Quick Start

If preprocess is new for you, this guide will help you to run your first examples:

preprocess use some external library models, before _v0.5_ depends on NLTK and StanfordParser, which in turns depends on java. Java dependences must be installed by hand and the models must be collocated in the right place before starting the below installation.

NLP pretrained models are usually heavy, so preprocess do not include on it.

Config the enviroment

  1. Pretrained model downloading
  2. Extract models in /opt/stanford/

Note

By default preprocess/data/cfg/stanford.cfg is configured on the direction /opt/stanford.

Installation

preprocess is a Python 3 package and works well with 3.4 or later.

$ pip install preprocess

Using preprocess (Basic)

import preprocess
preprocess.basic.__all__

['lowercase',
 'replace_urls',
 'replace_symbols',
 'replace_dot_sequence',
 'multipart_words',
 'abbreviations',
 'expand_contractions',
 'replace_punctuation',
 'extraspace_for_endingpoints',
 'add_doc_ending_point',
 'del_tokens_len_one',
 'hyphenation']

Having a string as input all those functions are applicable.

Note

Some examples are designed based on real text obtained from pdf to text transformers.

string = "Free software is common in Europe... and UK it is not an exception"
preprocess.lowercase(string)

"free software is common in europe... and uk it is not an exception"

Replacing dot sequences. This function in particular, due to its uses in aligment, do not change the input string length in the output.

  • ... it is not considered a sentece separator so it is whiten.

  • three dots sequences are priority or two dots followed by a white space

string = ". ... a.... b. .. . c.. .. d.. . e"
preprocess.replace_dot_sequence(string)

'    . a   . b     . c      d   . e'

Underscore sign are used as indestructible punctuation sign during preprocessing.

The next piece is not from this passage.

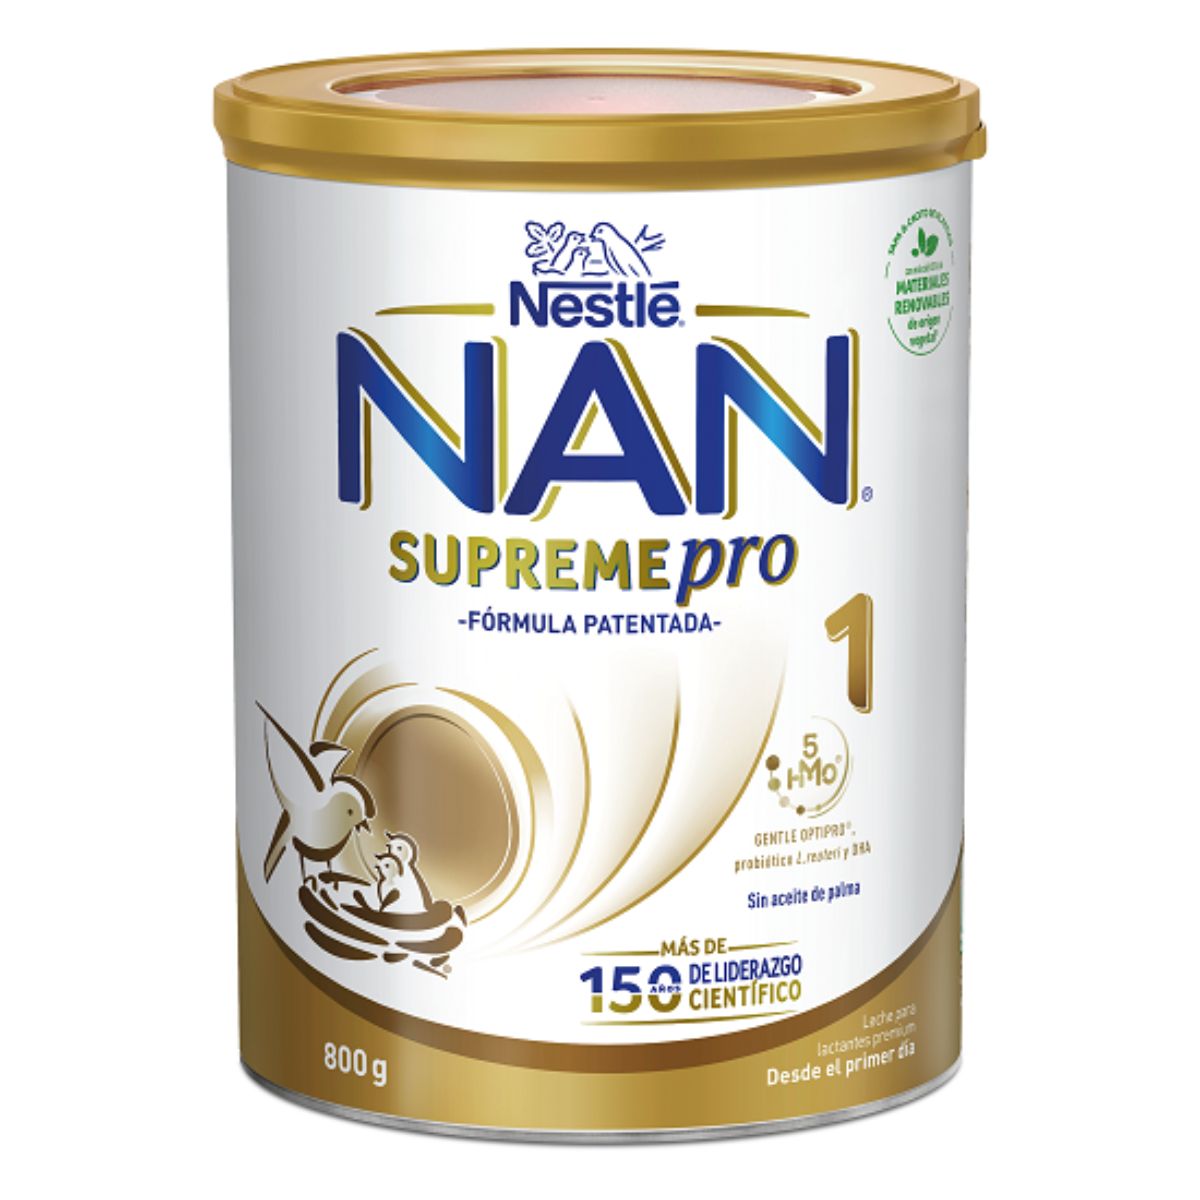 Formula de lapte praf, Nestle, Nan 1 Supreme Pro, 800 g
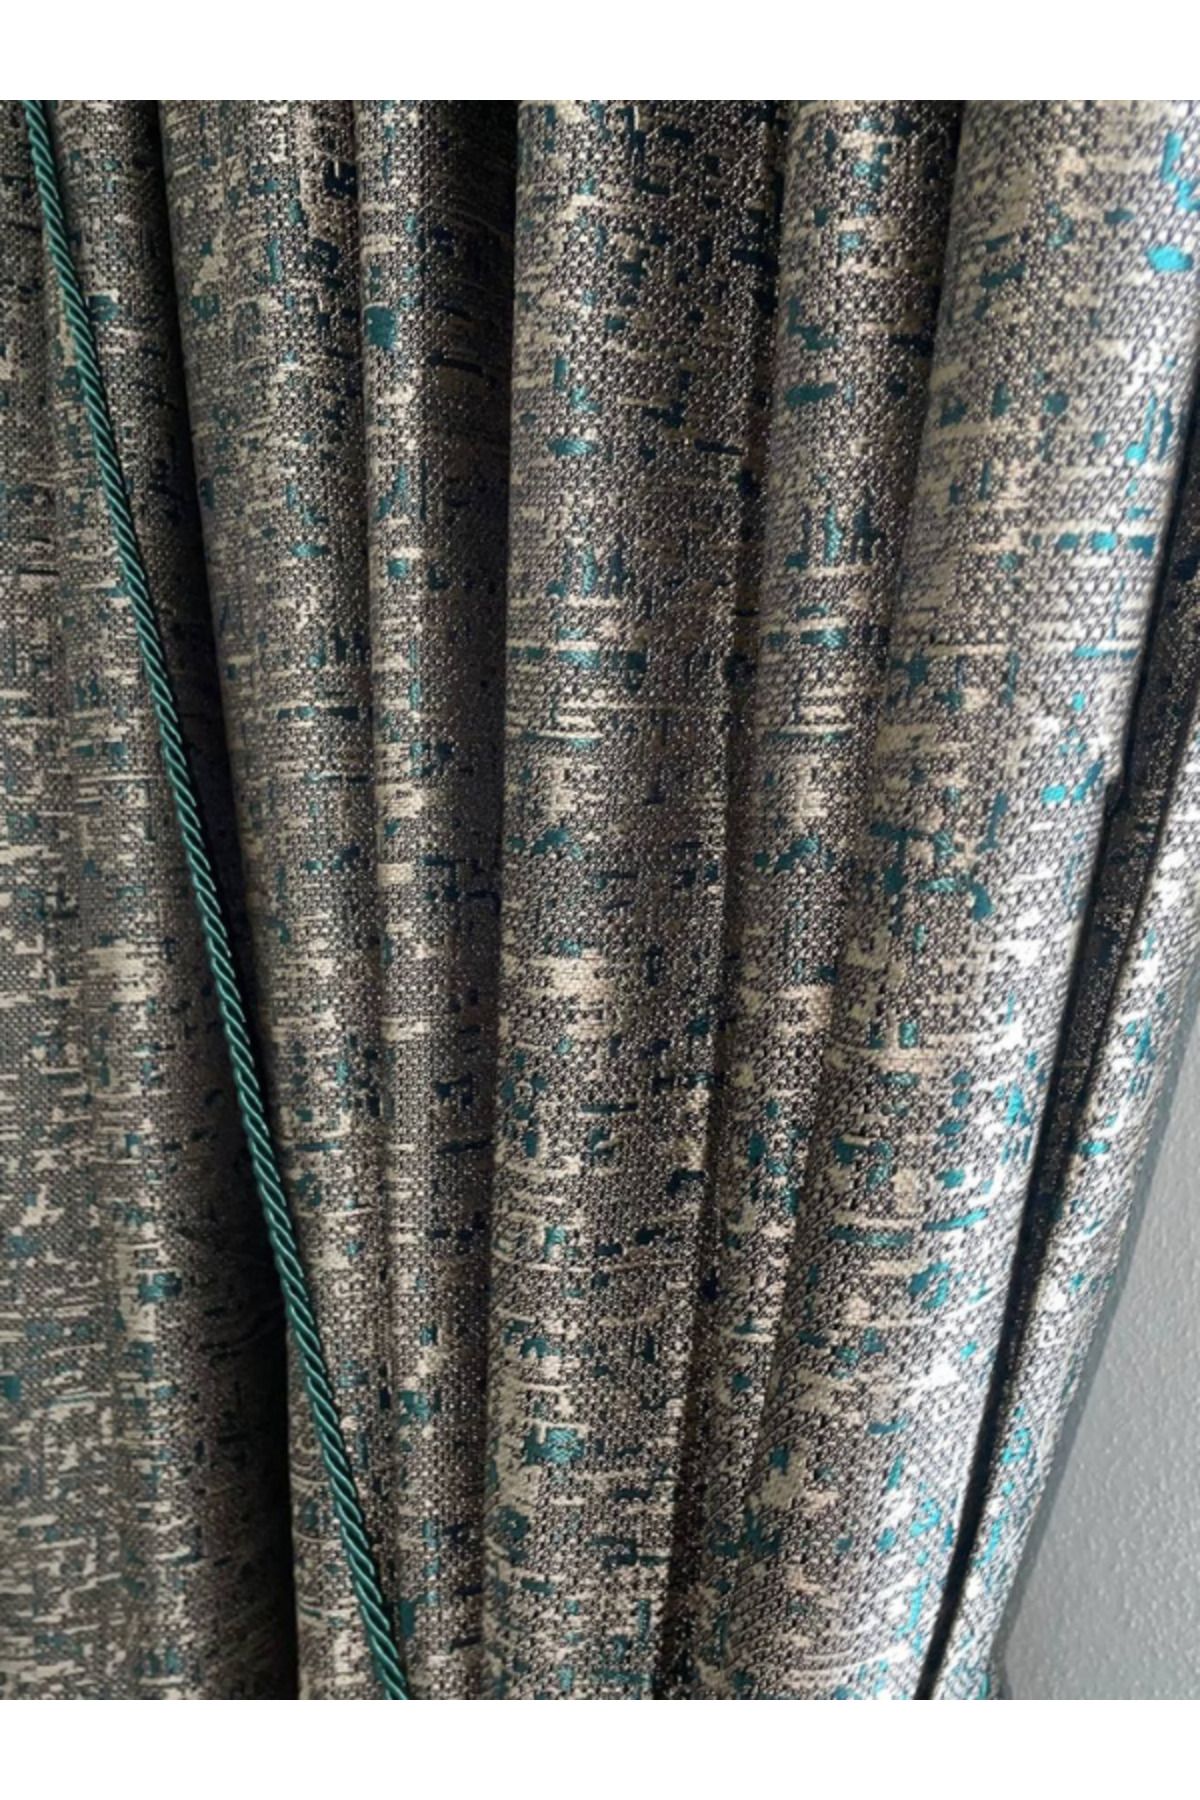 MebelPort Curtain Fon Jakar Perde Perla Desen TEK  KANAT  sık Pileli(1 X 3)

The multi-part words are hyphenated words ([Read more about hyphen](https://en.wikipedia.org/wiki/Hyphen)) and are very important in compound-modifier constructions, this are morphological changes which modifies the meaning of another word.

string = "Hyphen multi-part words"
preprocess.multipart_words(string)

'Hyphen multi_part words

Another example of underscoring function in preprocess is hyphenation, but its uses has been designed after having a list of tuples with collocations. Se more about collocations in preprocess.grams.collocations

collocations = [("natural", "language")]
string = "In natural language processing multi-words are important"
preprocess.hypenation(string, collocations)

'In natural_language processing multi-words are important'

Combining Techniques

This is a basic example of how to execute a designed order of basic preprocessing.

order = ['abbreviations', 'lowercase', 'replace_dot_sequence', 'multipart_words', 'replace_punctuation']
string = "Free-software is common in Europe... and U.K. it is not an exception."
preprocess.pipeline(string, flow=order)

'free_software is common in europe and u_k_ is not an exception '

Note

Not all the preprocess function in all modules can be concatenated.

Ngrams uses

string = 'free software is common in europe'
preprocess.ngrams(string)

['free software ', 'software is ', 'is common ', 'common in ', 'in europe ']
preprocess.ngrams(string, n=3)

['free software is ',
 'software is common ',
 'is common in ',
 'common in europe ']

Using Shallow

string = 'free software is common in europe'
preprocess.shallow.remove_stopwords(string)

' free software common europe'

Deep example

string = 'free software is common in europe'
preprocess.deep.syntdep(string)

[('common', 'nsubj', 'software'),
 ('software', 'amod', 'free'),
 ('common', 'cop', 'is'),
 ('common', 'nmod', 'europe'),
 ('europe', 'case', 'in')]

Working with PDF

The variety of pdf generators made “not standard” pdf documents, so in the reverse process those resultant text come with rare chars, strange puntuation-signs sequences, page brakes, numbers inside the string sequences, line brakes which divide words syllables, etc.

preprocess include Creative Commons books in PDF and text format to be preprocessed and to compare results with other libraries and platforms.

from preprocess.data import freeculture_pdfpath
pdf_path = freeculture_pdfpath()
text = preprocess.utils.io.pdftotxt(pdf_path)
len(text)

596767

Hopefully this examples gives you an idea of how to transform texts with preprocess library. The preprocessing stage is important to improve results as Applying Preprocessing tutorial shows. It is recommended that after this quickstart you read the preprocess API to learn complicated examples.